Texas Hold 'em Series (2): Poker Hands Dataset
2019-03-30
In this post, I’ll walk through the whole process to download, clean and then browse one of world’s largest poker hands history dataset, the IRC Poker Database1, which is a little bit aged but well-known for its huge size. The work we’re doing here is meant to be a preparation for further analysis and model training.
History
Before the advent of real-money online poker servers, there was the Internet Relay Chat (IRC) poker server. The server was programmed by Todd Mummert, with support code by Greg Reynolds, and other Usenet rec.gambling.poke enthusiasts. The participants in these games were mostly computer geeks with a passion for poker. Many were serious students of the game, armed with the analytical skills needed to understand the mathematics, and all other aspects of advanced poker strategy.
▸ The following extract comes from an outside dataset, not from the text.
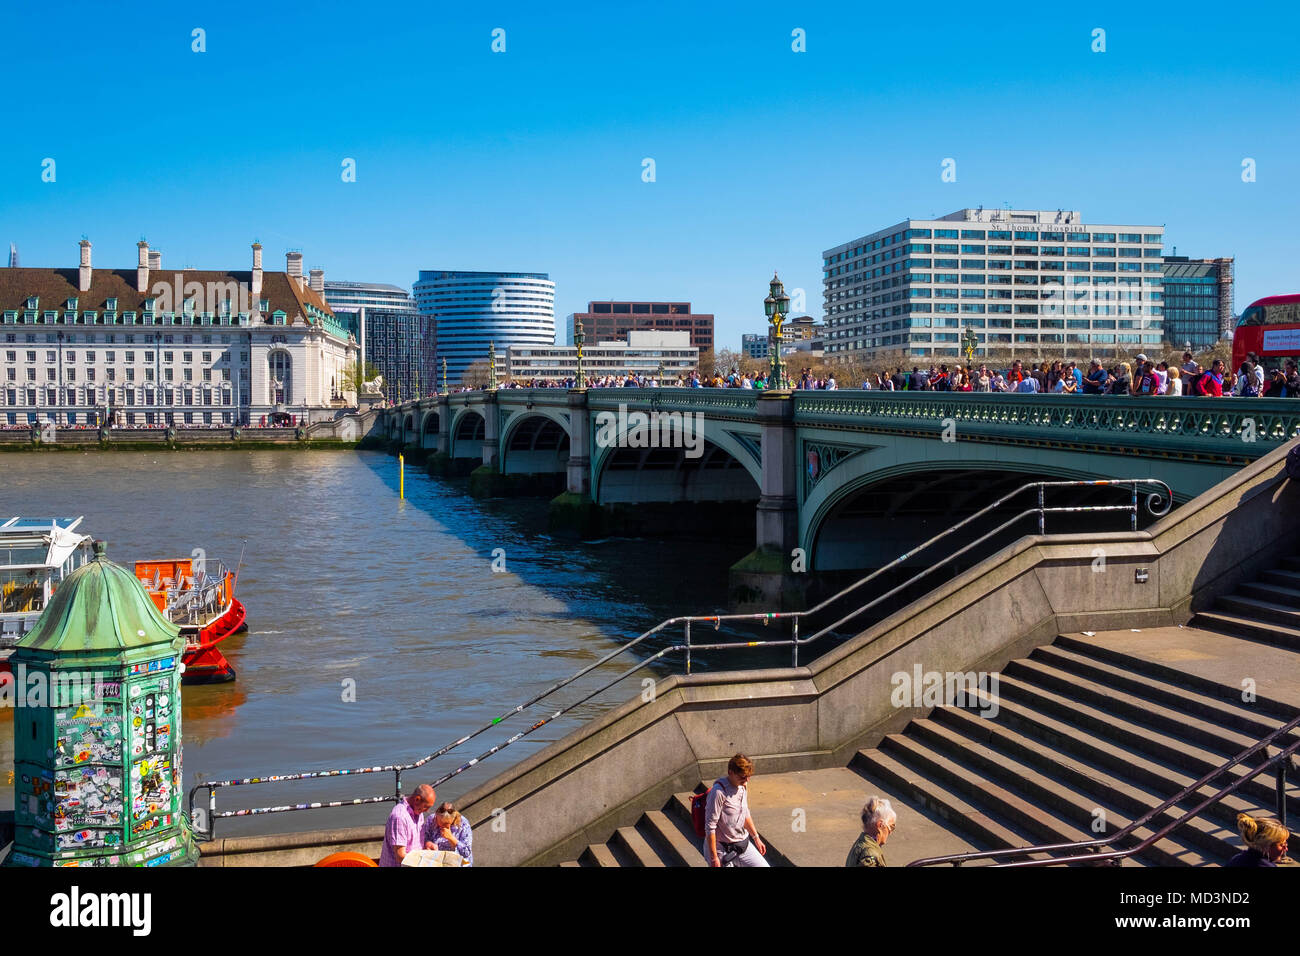 Londra, Regno Unito. Xviii Apr, 2018. Meteo REGNO UNITO: turisti accorrono a Londra in una calda giornata di sole, la folla a piedi sul Westminster Bridge Credito: Tim anello/Alamy Live News Foto Stock
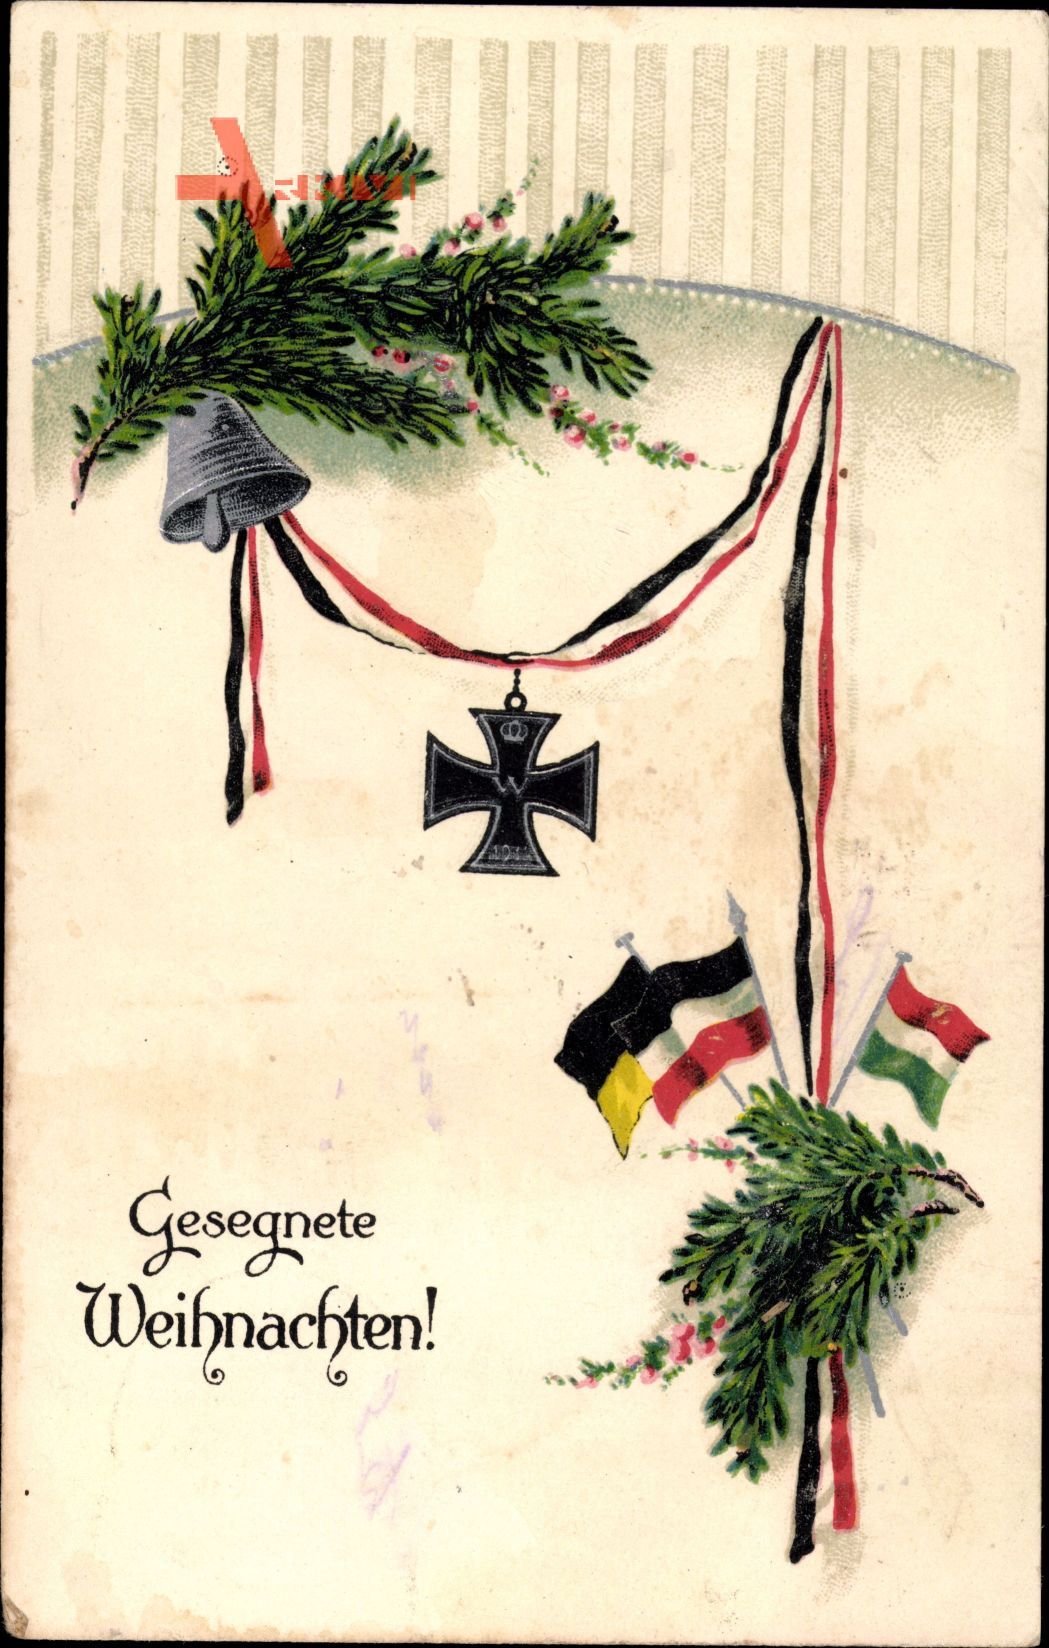 Glückwunsch Weihnachten, Glocke, eisernes Kreuz, Tannenzweige, Fahnen

Michael Maurer wrote a program called Observer that sat in on IRC poker channels and quietly logged the details of every game it witnessed. This resulted in the collection of the more than 10 million complete hands of poker (from 1995-2001) that constitute the IRC Poker Database.
Sadly, the IRC games are now gone (but might be resurrected one day).2
Notation
We’ll be using the same short-hand notations as we gave in the last post. For bet actions, we define
-
: no actionB
: blind betf
: foldk
: checkb
: betc
: callr
: raiseA
: all-inQ
: quitK
: kicked out
As for rounds, we denote
p
: pre-flopf
: flopt
: turnr
: rivers
: showdown
Data Preparation
I’ve written several scripts3 for all sorts of data preparations and the code can be found on my GitHub repository. After entering the repo, run the following codes in order:
wget http://poker.cs.ualberta.ca/IRC/IRCdata.tgz # download the database (-> IRCdata.tgz)
tar -xvf IRCdata.tgz # unzip the tgz file (-> IRCdata)
python3 extract.py # extract data (-> hands.json)
python3 clean.py # drop invalid hand data (-> hands_valid.json)
Eventually there’re $10{,}233{,}955$ hands in hands.json
and $437{,}862$ in hands_valid.json
after cleaning.
Data Inspection
You may run the following code to inspect hands in their original order. Any time you’d like to stop browsing, you can just use Ctrl+C
to interrupt the process.
python3 browse.py # print hands in a formatted way
The script lists extracted hands history as below.
############################################################
time : 199612 id : 2093
board : ['Qd', '6s', 'Td', 'Qc', 'Jh']
pots : [(2, 60), (2, 60), (2, 60), (2, 60)]
players :
Tiger (#1)
{'action': 30,
'bankroll': 2922,
'bets': [{'actions': ['B', 'r'], 'stage': 'p'},
{'actions': ['k'], 'stage': 'f'},
{'actions': ['k'], 'stage': 't'},
{'actions': ['k'], 'stage': 'r'}],
'pocket_cards': ['9s', 'Ac'],
'winnings': 30}
· · · · · · · · · · · · · · · · · · · · · · · · · · · · · ·
jvegas2 (#2)
{'action': 30,
'bankroll': 139401,
'bets': [{'actions': ['B', 'c'], 'stage': 'p'},
{'actions': ['k'], 'stage': 'f'},
{'actions': ['k'], 'stage': 't'},
{'actions': ['k'], 'stage': 'r'}],
'pocket_cards': ['9c', 'As'],
'winnings': 30}
############################################################
So this screenshot describes hand #2093, which happened in December of 1996. There were two players at the table, namely Tiger (the SB) and jvegas2 (the BB). By default the game started with Tiger paying 5USD, who’s got a 9♠ and an A♣ with a bankroll of 2,922USD, and jvegas2 paying 10USD, whose pocket cards were 9♣ and A♠ with a bankroll of 139,401USD. Then Tiger raised to 30USD (3BB) and jvegas2 called. So preflot pot was 60USD and there’re two players. The flop was Q♦, 6♠ and 10♦. It was a dry hand by far so both checked at the flop. The turn was Q♣, and then both checked again. At the river came J♥, nothing special, and again checked both. Both players stuck to the showdown and it was a tie, so the two shared the total pot 60USD.